INPUT DATA:
┌──

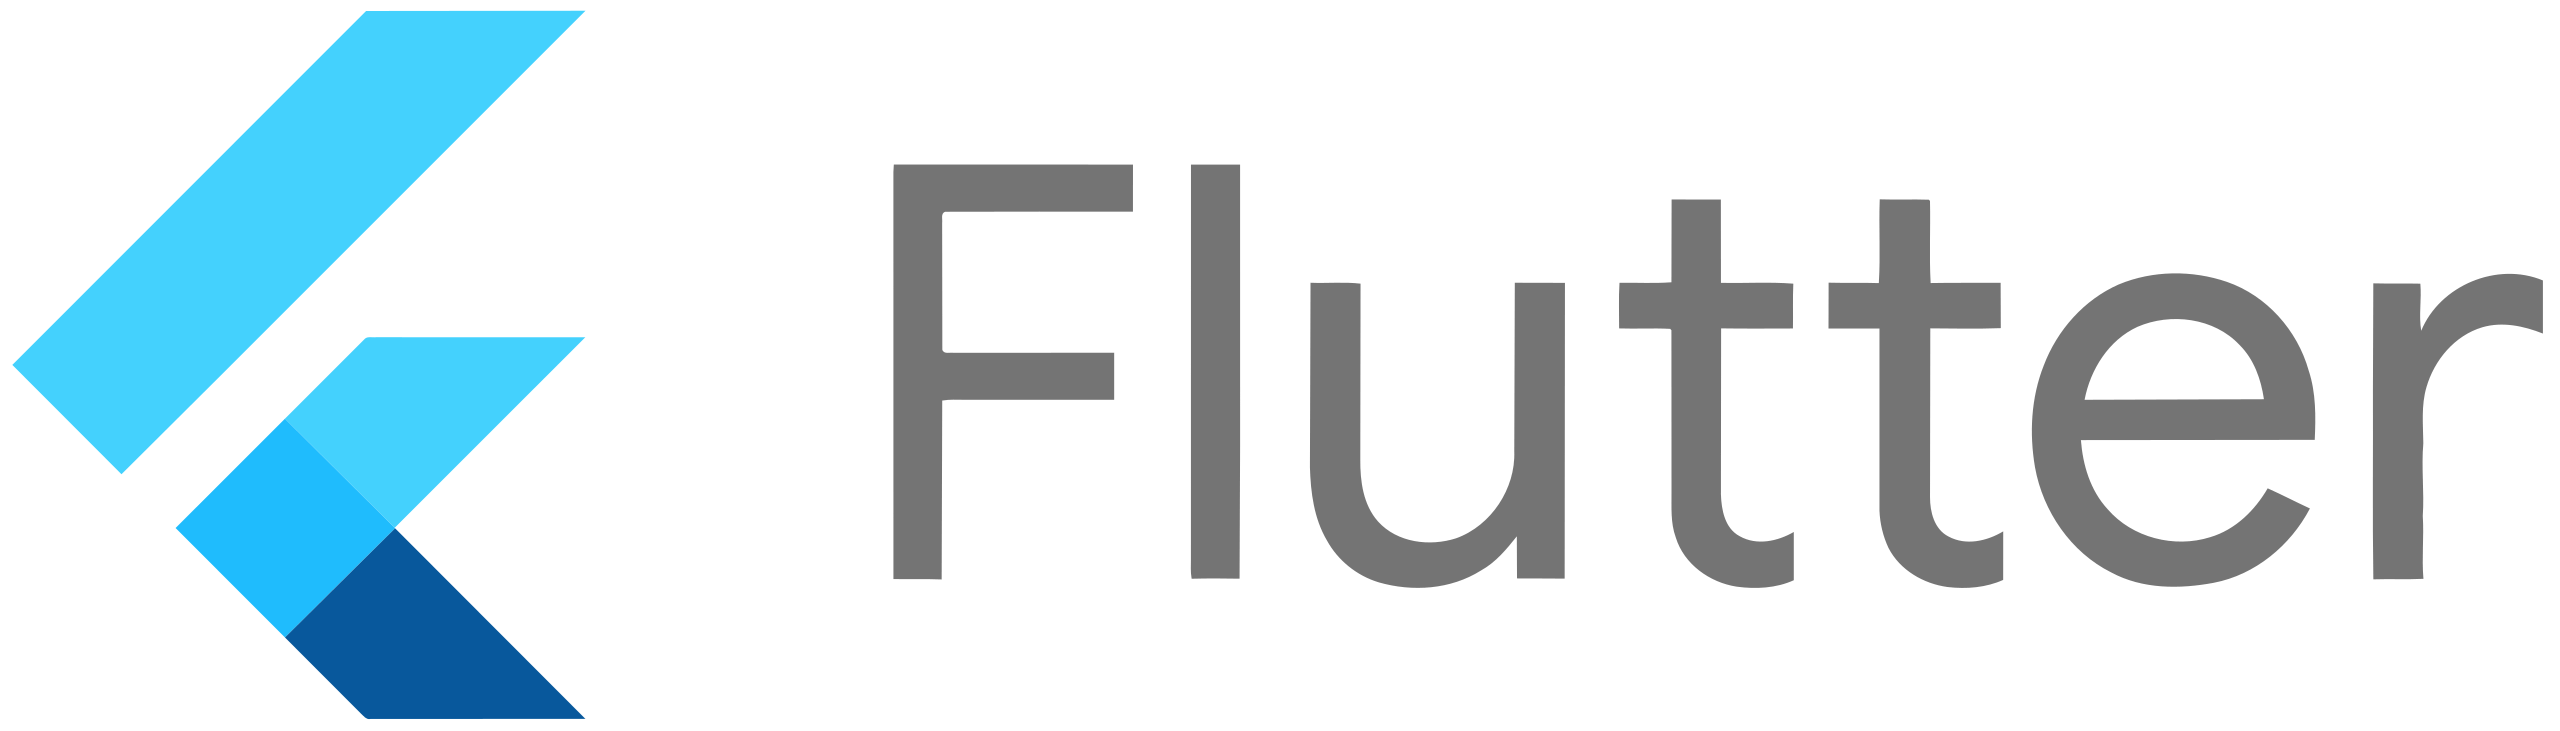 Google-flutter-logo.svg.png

└──
┌──

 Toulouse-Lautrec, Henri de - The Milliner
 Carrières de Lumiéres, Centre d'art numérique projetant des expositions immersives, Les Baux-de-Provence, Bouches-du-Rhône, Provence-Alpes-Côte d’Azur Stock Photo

└──
┌──

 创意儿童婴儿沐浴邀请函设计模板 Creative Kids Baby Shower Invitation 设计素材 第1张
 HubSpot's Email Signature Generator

└──

WORK TASK: From the records above, copy out the line with "创意儿童婴儿沐浴邀请函设计模板 Creative Kids", the line with "HubSpot's Email Signature Generator", and every line between them, word for word.

ANSWER AREA:
 创意儿童婴儿沐浴邀请函设计模板 Creative Kids Baby Shower Invitation 设计素材 第1张
 HubSpot's Email Signature Generator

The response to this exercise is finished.